Some people eat, sleep and chew gum, I do genealogy and write...

Saturday, September 25, 2010

Seeing through the screen -- the truth about your genealogy

When I was young I was often fascinated with the visual effect of staring through a window screen. If you focused your eyes just right, the screen could appear to be a solid surface. But if you looked beyond the screen, the outside world became visible. Sometimes in research, especially in genealogy, we need to see through the screen to the larger world outside of our family. Once we have seen the world, we can then refocus on the screen (our family) with renewed insight. Most of our "brick walls" are really window screens in disguise.

No one lives in vacuum. One question was raised recently by a friend about his immigrant ancestor. His own personal brick wall. It turns out that this particular ancestor is Norwegian and immigrated in the latter part of the 1800s. Knowing the extent of genealogical records from Norway and other Scandinavian countries, I expressed surprised at his dilemma. To him, the Norwegian immigrant was a brick wall, to me, the immigrant was immediately a window screen. He was focusing on the screen, I immediately focused on the world beyond.

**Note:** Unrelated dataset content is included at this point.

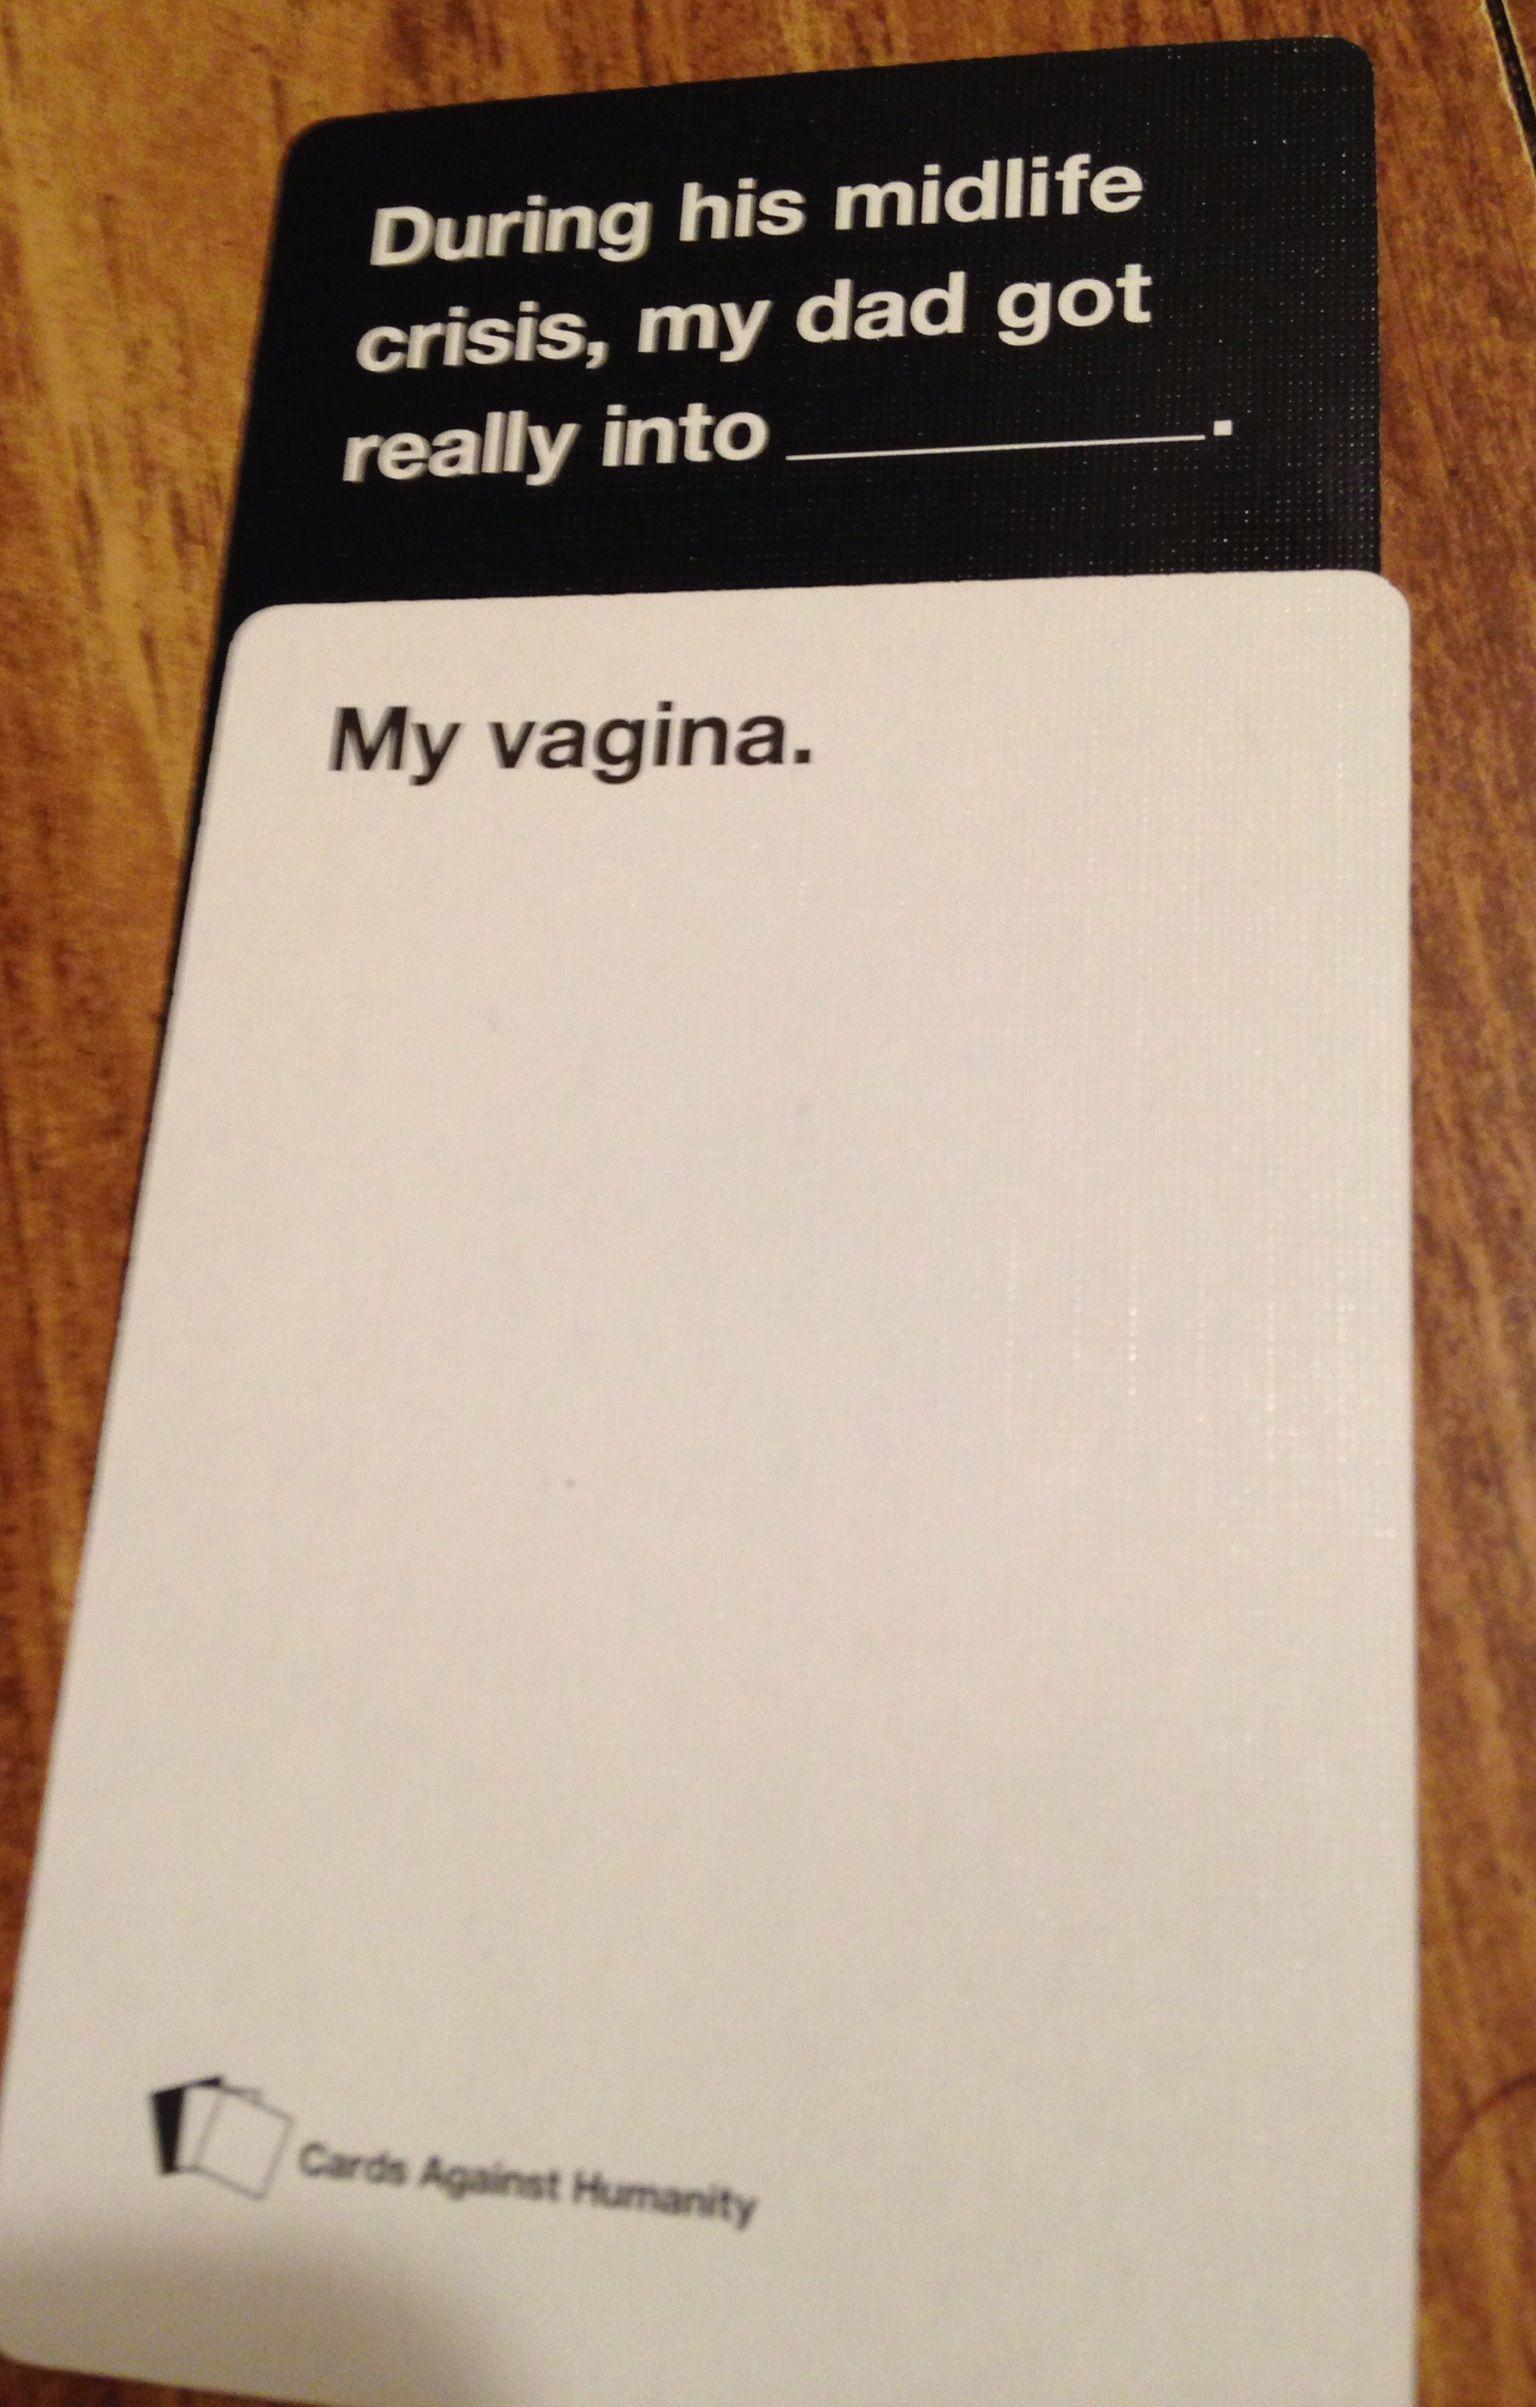 Cards against humanity cards against humanity funny

As an example of the world beyond the screen, especially for Norway, I would refer you to the FamilySearch Research Wiki on Norway. Reviewing the resources offered, gives a really good example of seeing beyond the screen with the Sogn og Fjordane Fylkeskommune -- Fylkesarkivet website. As the site says:
Fylkesarkivet also offers many other entry ways to local history – through themes and organized resources from the following domains:
• Music, film and oral tradition
• Municipal archive catalogues from the whole county
• Private archives
• Emigration to America
• Biographical and genealogical source materials
At our webpage we have organised and made available many governmental archive series which are kept in national archives. These include the oldest church registers, population censuses, census registrations, shift register, register of mortgages and land registers. In conjunction with the remainder of the historical documents such as photos, emigration records and the farm name encyclopaedia, these archive series constitute rich source materials well suited for biographical and genealogical research. (spelling in original)
Do you see what I mean by looking beyond the screen? And what's more important nearly all of the Norwegian records are free online (i.e. not yet purchased by Ancestry.com!).

By the way, you have never seen a detailed map if you haven't looked at the Fylkesatlas Sogn og Fjordane.